Woody Allen should have quit while he was ahead.
I admit it’s hard to say when that was. Would it have been in the late 1980s, after the dark and soulful “Crimes and Misdemeanors”? Was it in the late ’90s, after “Sweet and Lowdown,” starring an incomparable Sean Penn? Or was it earlier in this decade, after the light but charming “Midnight in Paris”?
One thing is for sure — it was before he made his latest movie, “Magic in the Moonlight,” and it was before he was accused, again, of molesting his adopted daughter, Dylan Farrow. You can debate the propriety of discussing Allen’s alleged misdoings in the context of his films. But if you want to argue that rotten people can also make great art, “Magic in the Moonlight” provides little evidence of that.
The movie is a period piece, taking place in Europe at the tail end of the 1920s. It opens at a performance in Berlin by the magician Wei Ling Soo, who is really an Englishman named Stanley Crawford (played by Colin Firth) exploiting the decade’s enthusiasm for chinoiserie.
It takes only a brief cabaret-side chat between Stanley and his friend Howard Burkan (Simon McBurney) to set up the plot and move the action to the South of France.
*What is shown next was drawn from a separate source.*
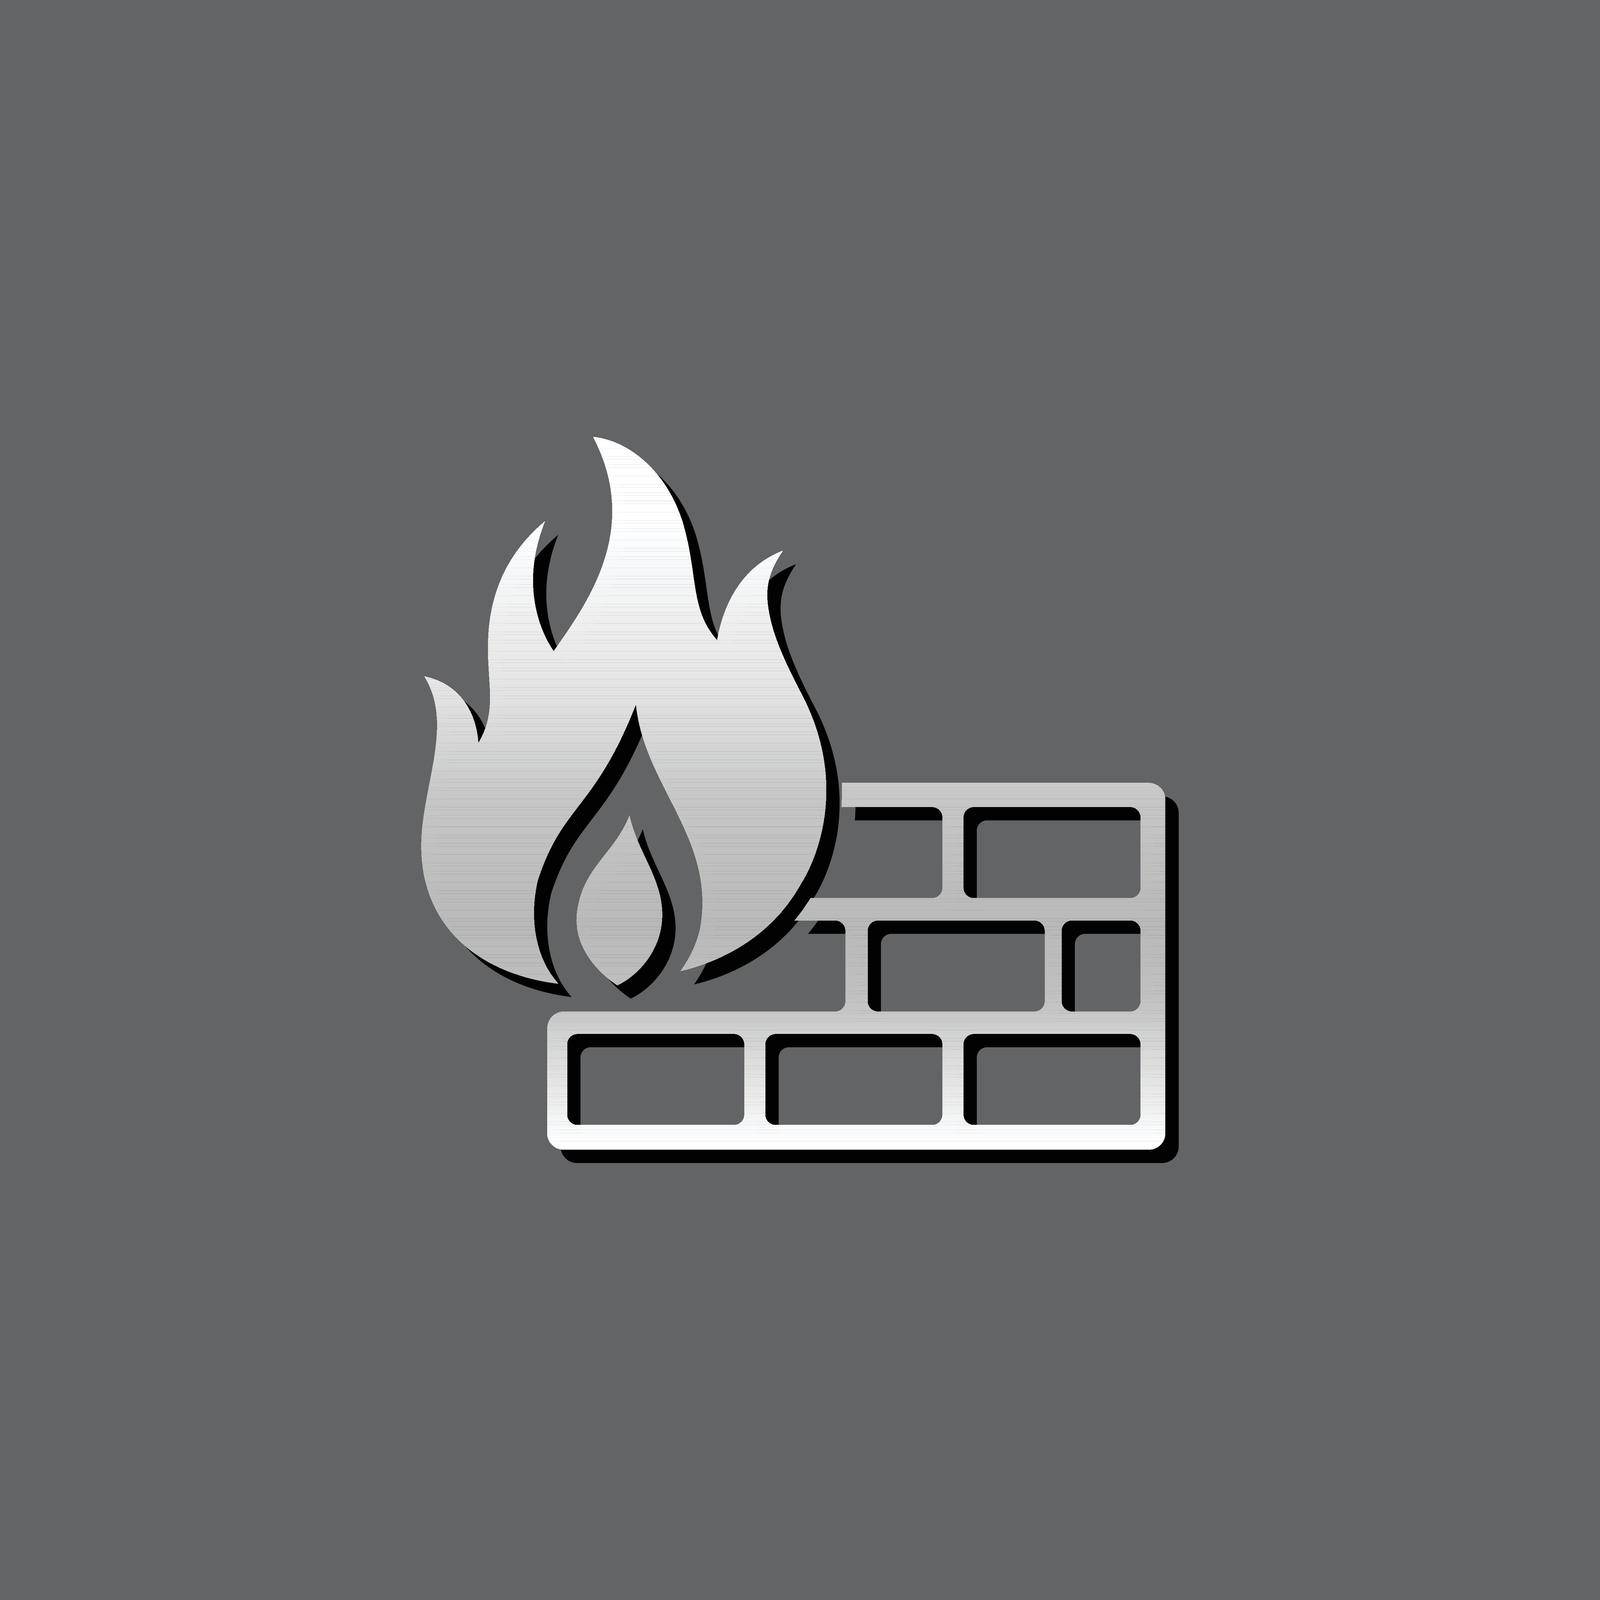 Firewall icon in metallic grey color style. Computer network internet protection

There we meet the wealthy widow Grace Catledge (Jacki Weaver) and her son, Brice (Hamish Linklater), who are acquaintances of Stanley and Howard.
To both men’s distress, the Catledges have been taken in by a self-proclaimed medium, Sophie Baker (Emma Stone), and her scheming mother (Marcia Gay Harden). While Sophie seduces Catledge mère by channeling the widow’s dead husband, she is wooed by the clueless son, who serenades her on the ukulele. The mother pledges to set up a research institute for spiritual phenomena; her son promises yacht trips to the Greek islands and piles of clothing and jewels.
Like many real-life stage magicians, Stanley is not only an illusionist, but also a professional skeptic of the paranormal. And so it becomes his job to debunk Sophie’s dime-store mysticism and save the poor Catledges from their own gullibility.
By now you can imagine what happens next. Will the handsome Stanley and the beautiful Sophie — he a cynical rationalist, she a starry-eyed swindler — discover that despite their differences they actually have feelings for each other? Will those feelings be tested, and at some point seem hopeless? Will love eventually triumph, and will everyone live happily ever after?